Ces papiers d'Amérique(s) sont aussi à leur manière les papiers d'un jour.

Un journal, peut-être ? Un carnet, plus sûrement. Des notes et des impressions. Des textes gouvernés par la circonstance. Improvisés quand il faut. Mal écrits souvent, à la hâte ou sur le vif.

D’une intention encore mal éclaircie. Ils (se) cherchent moins quelque patronage littéraire qu'à découvrir cette intention.

Des papiers, encore. Drôle de matière. Moins emblème que dissonance, lorsqu’on les mesure à leurs ponctuations numériques. Il arrive toutefois qu'ils s’accordent avec le sens qu'ils possèdent en langue anglaise. Ils (re)deviennent alors une catégorie du discours.

Ce sont généralement plutôt des brèves, des citations ou des gloses. Des bouts d'expérience, qui deviennent par accident métaphores. Des morceaux d'actualité. Et pour tout dire, les digressions y occupent le centre.

Les dates qui leur répondent, aléatoires ou affectives, ne tiennent elles-mêmes que de fendre un peu des événements de nature très diverse, intimes ou publics, quelconques - incertains.

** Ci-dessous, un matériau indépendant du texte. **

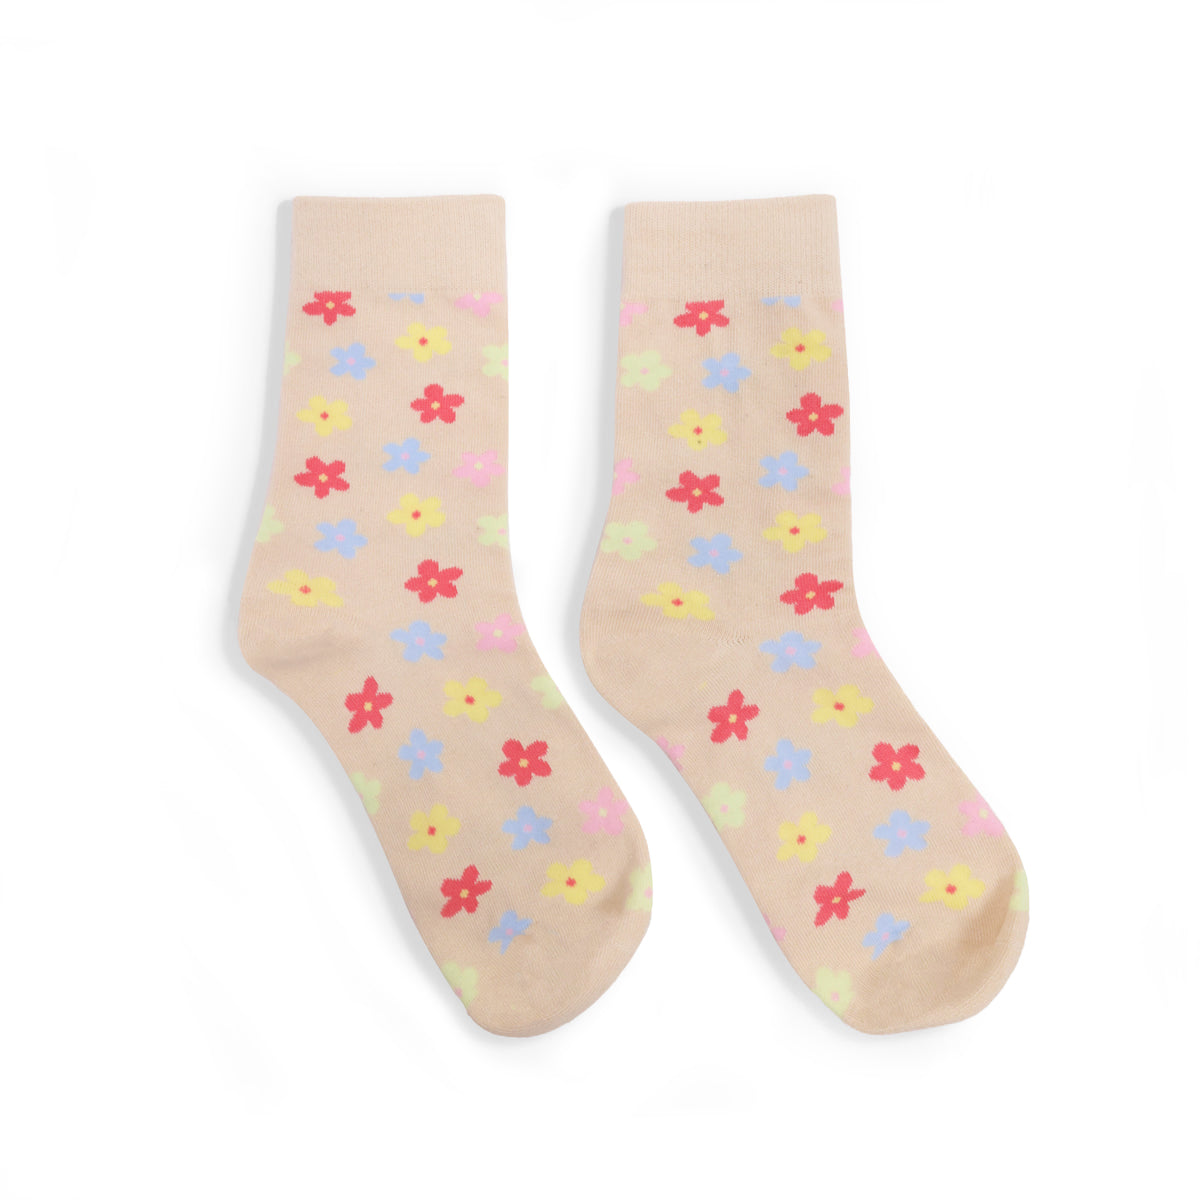 Free Spirit Flower Socks - Accessories - KOI Footwear - Beige - Front View

Pour l'essentiel, tout y est vu d'ici.

lundi 26 août 2019

COOPÉRATION

Vu en salle il y a deux jours The Death and Life of J. F. Donovan, dont la naissance semble avoir été chaotique en regard des péripéties du montage, de la production et de la distribution, occasion idéale en tous cas d’en faire le procès à l’auteur, puisque le film a été entouré ou précédé de gloses et de jugements divers avant même que le public large ne découvre la matière, de ce bord-ci de la terre, du moins. En sa banalité même, le titre étrange d’abord, qui déroute par inversion des termes le programme biographique centré sur le personnage éponyme, et c’est bien par la fin que le spectateur doit commencer ; le montage et les coupes, et la conduite du récit, ne serait-ce qu’à travers les trois séquences initiales, particulièrement complexes, dans l’espacement chronologique, les discontinuités, les aller-retours – les rétrospections, les parallèles et les superpositions qui suivent ; la double voix de l’entretien, tendu et conflictuel au départ, autour du livre et de la relation épistolaire entre la journaliste et Rupert Turner – astuce de l’échange qui prend à parti l’opinion et le public lui-même, doublant la mise en abyme de l’univers du spectacle, de la télévision voire du cinéma ; la gémellité des personnages (les deux mères, les deux fils, l’amant et le frère, etc.) ; et toujours la beauté photographique des plans et des visages (qui n’exclut pas certains clichés, la scène d’amour entre les deux amants étant aussi pudibonde que convenue), les couleurs, continuité d’autant mieux perceptible avec Mommy et Juste la fin du monde. Le plus intéressant est encore dans ce qui échappe, la réalité d’un film à ellipses, un film à trous (comme le personnage central dont la vie reste largement ignorée, sa maladie, etc.). Autant de failles qui exigent en retour la coopération du spectateur, et débordent le fantasme qui laisserait croire que l’œuvre véritable se trouve ailleurs – dans les quatre heures de bande réduites et récrites par le réalisateur par exemple. On est loin en tous cas, si l’on se prend à faire cet effort patient de voir un peu, de cette masse d’avis dont le sommet tient dans ces mots d’un folliculaire francophone : « […] pour le meilleur et pour le pire, The Death and Life of John F. Donovan… est du Dolan » - tautologie de l’effet de reconnaissance, celle d’une manière que le responsable de la brève se garde évidemment de qualifier ou de caractériser.